• [Task item]: Reproduction of part of the material below, pictures omitted: copy exactly, and only, the lines starting with the one with "Stardust Half Moon Earrings - One of a Kind" and going on through the one with "Canadian Patent Document".

• [Record excerpts]:
··········

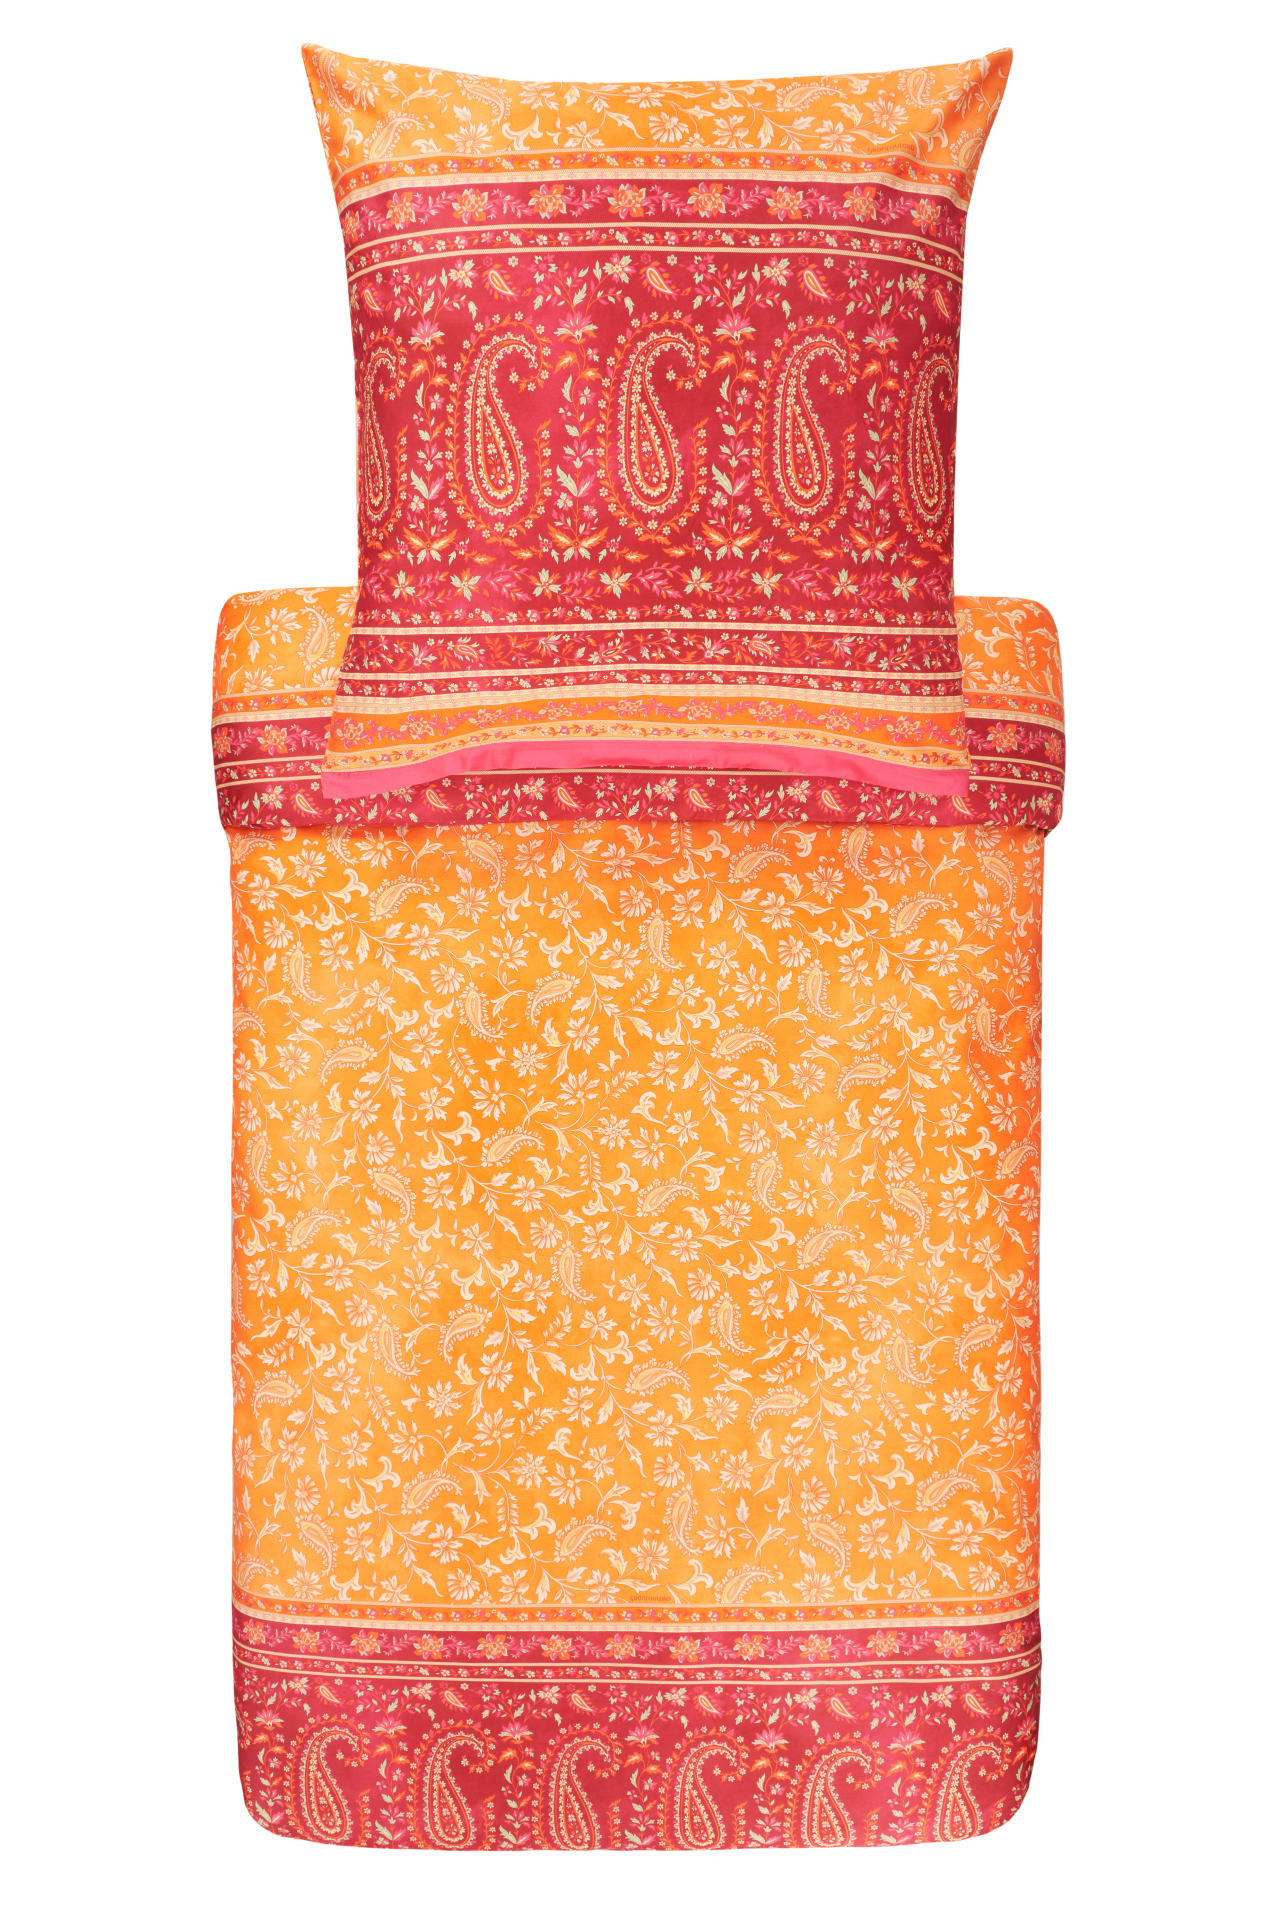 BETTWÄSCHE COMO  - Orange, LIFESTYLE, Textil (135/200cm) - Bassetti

··········

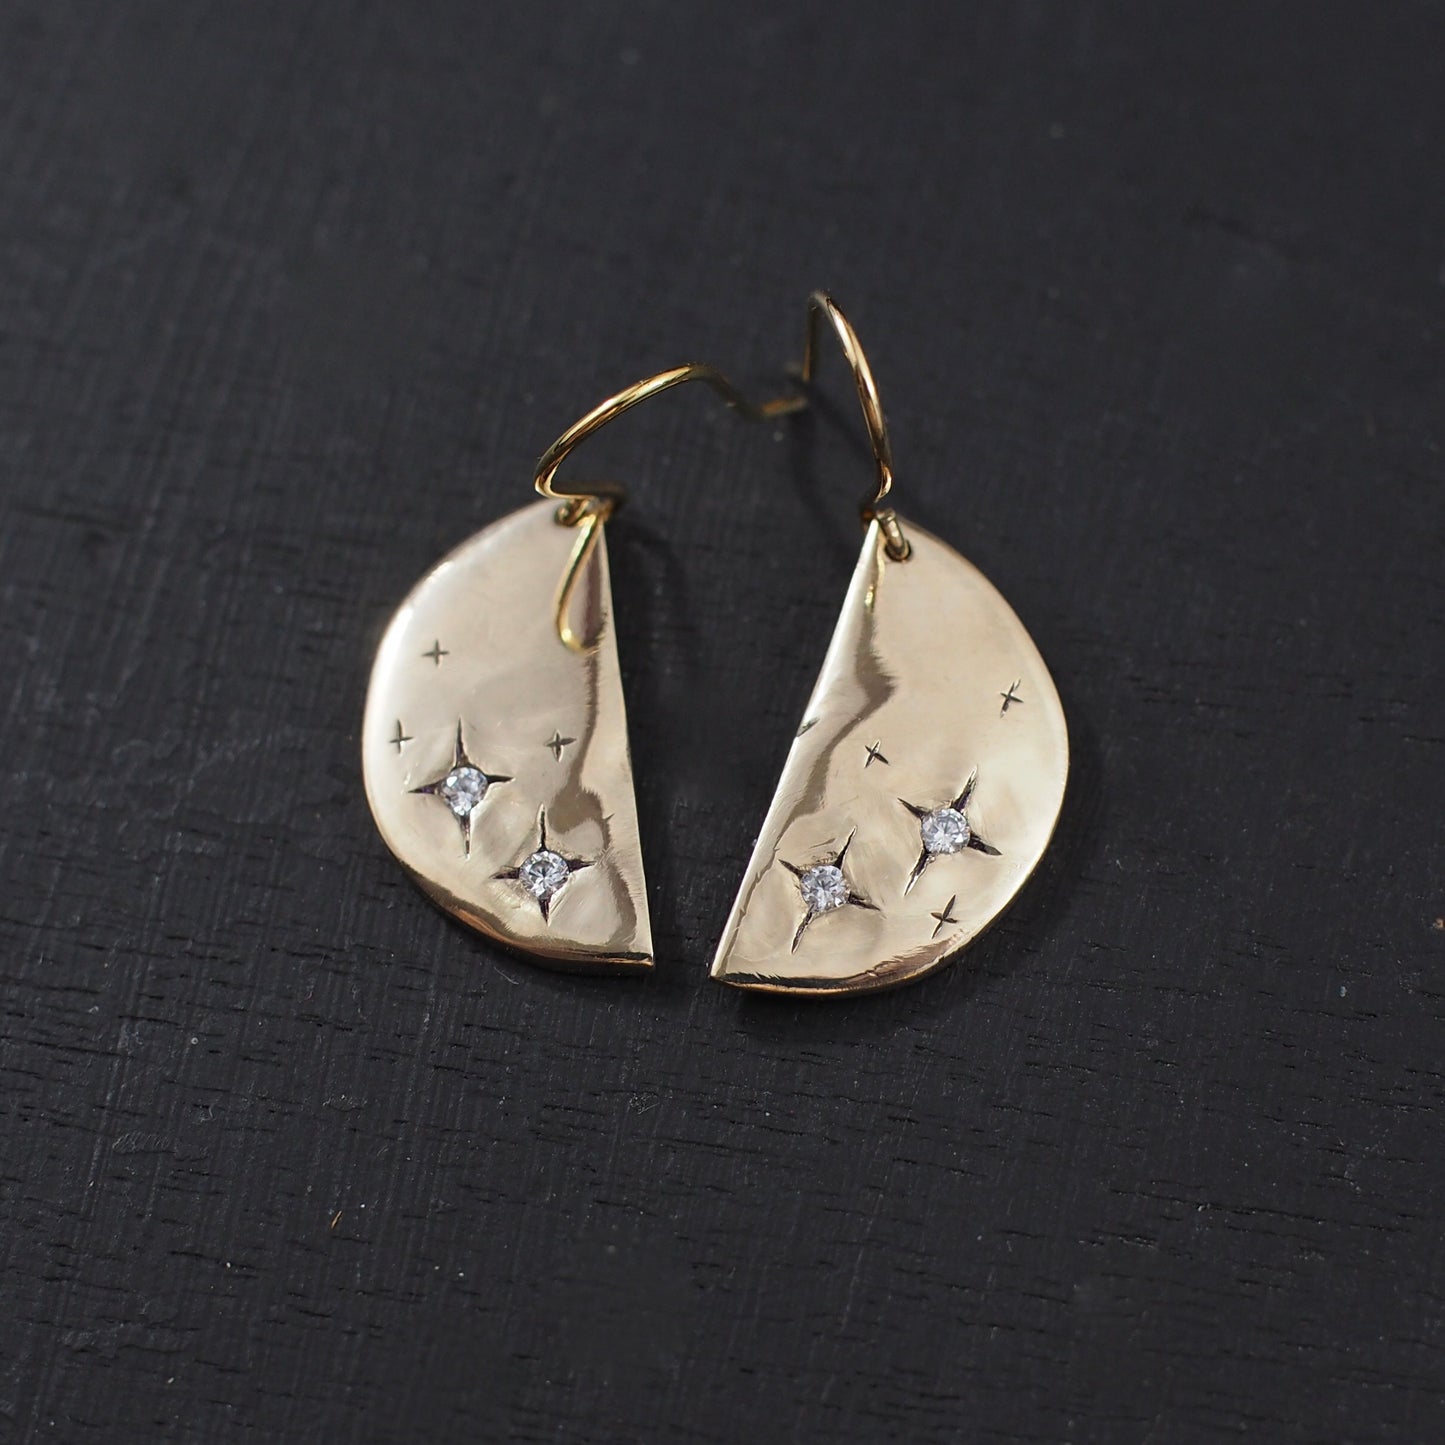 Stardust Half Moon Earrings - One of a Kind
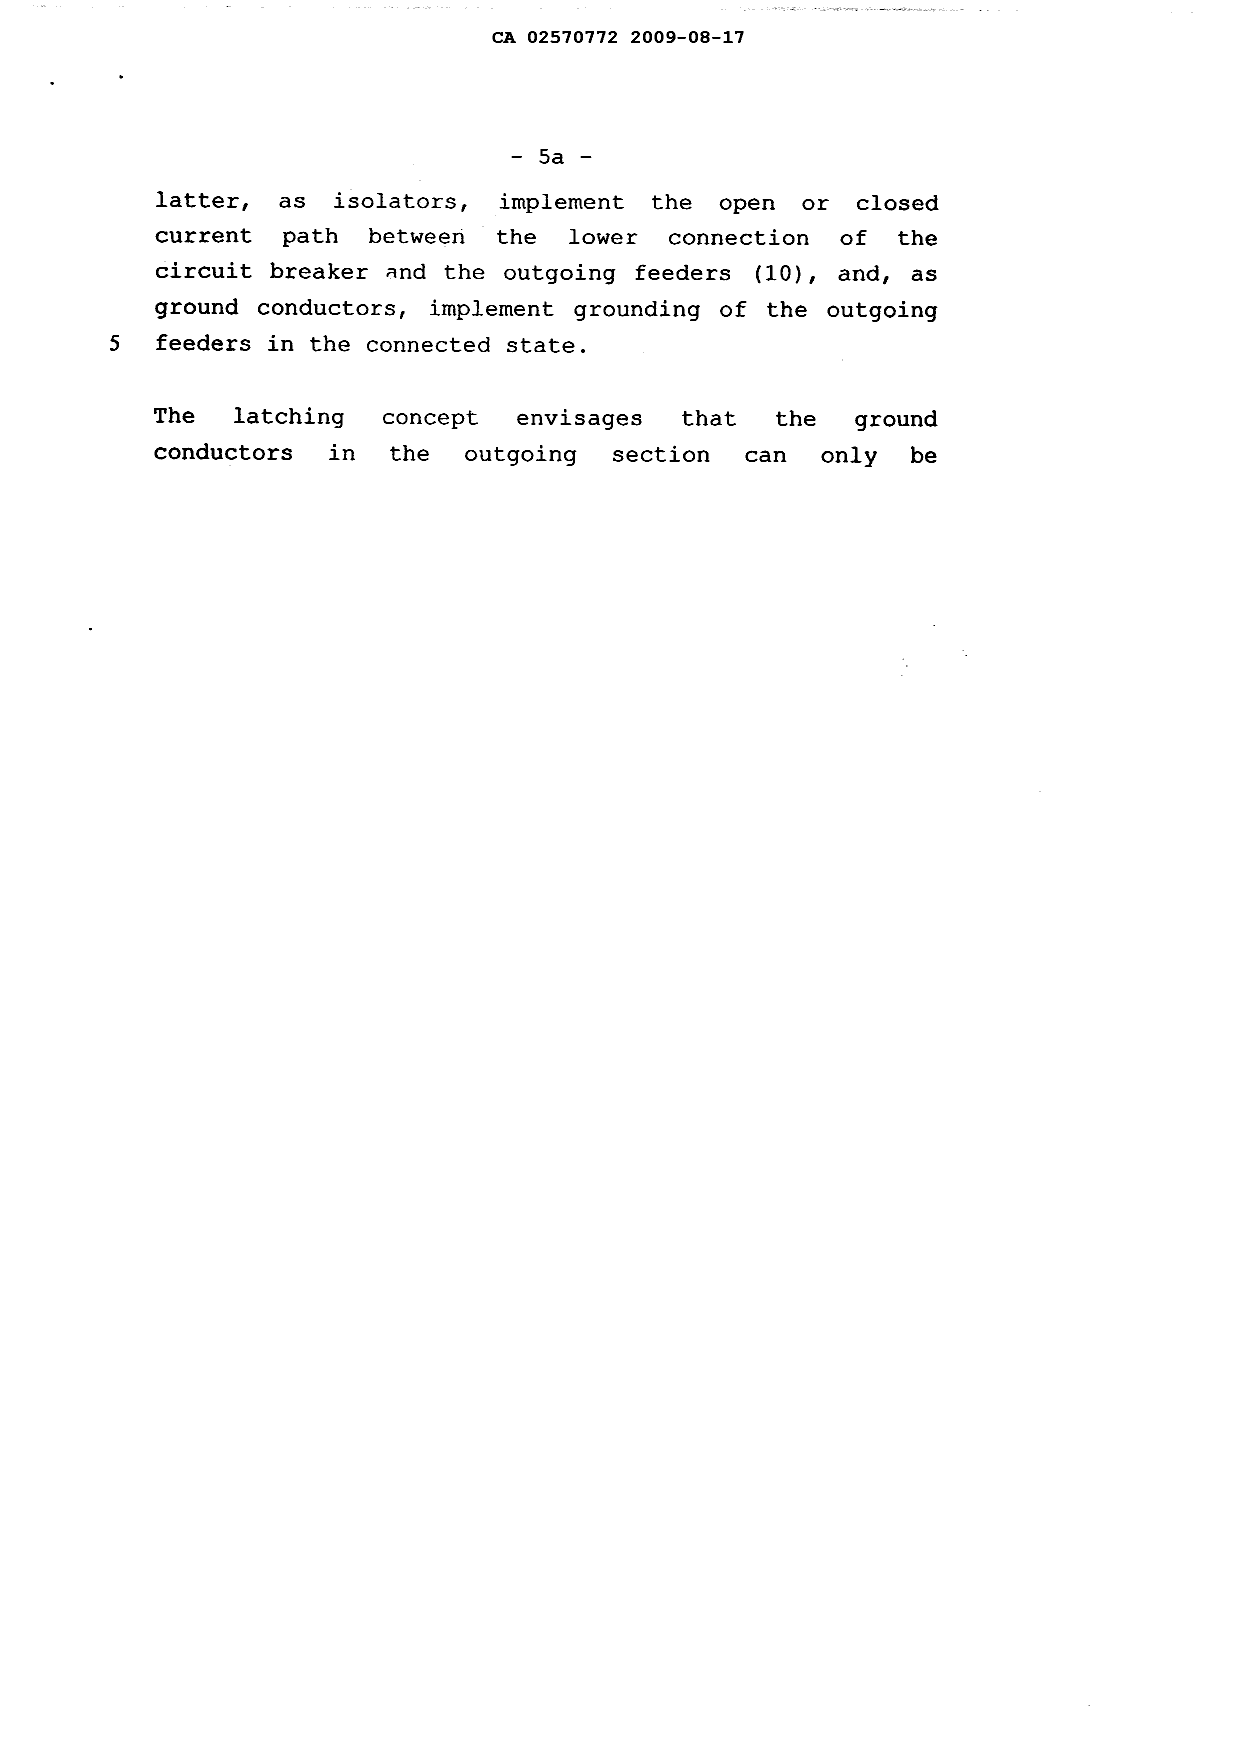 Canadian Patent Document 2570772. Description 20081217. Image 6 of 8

··········

• [Exercise output]:
 Stardust Half Moon Earrings - One of a Kind
 Canadian Patent Document 2570772. Description 20081217. Image 6 of 8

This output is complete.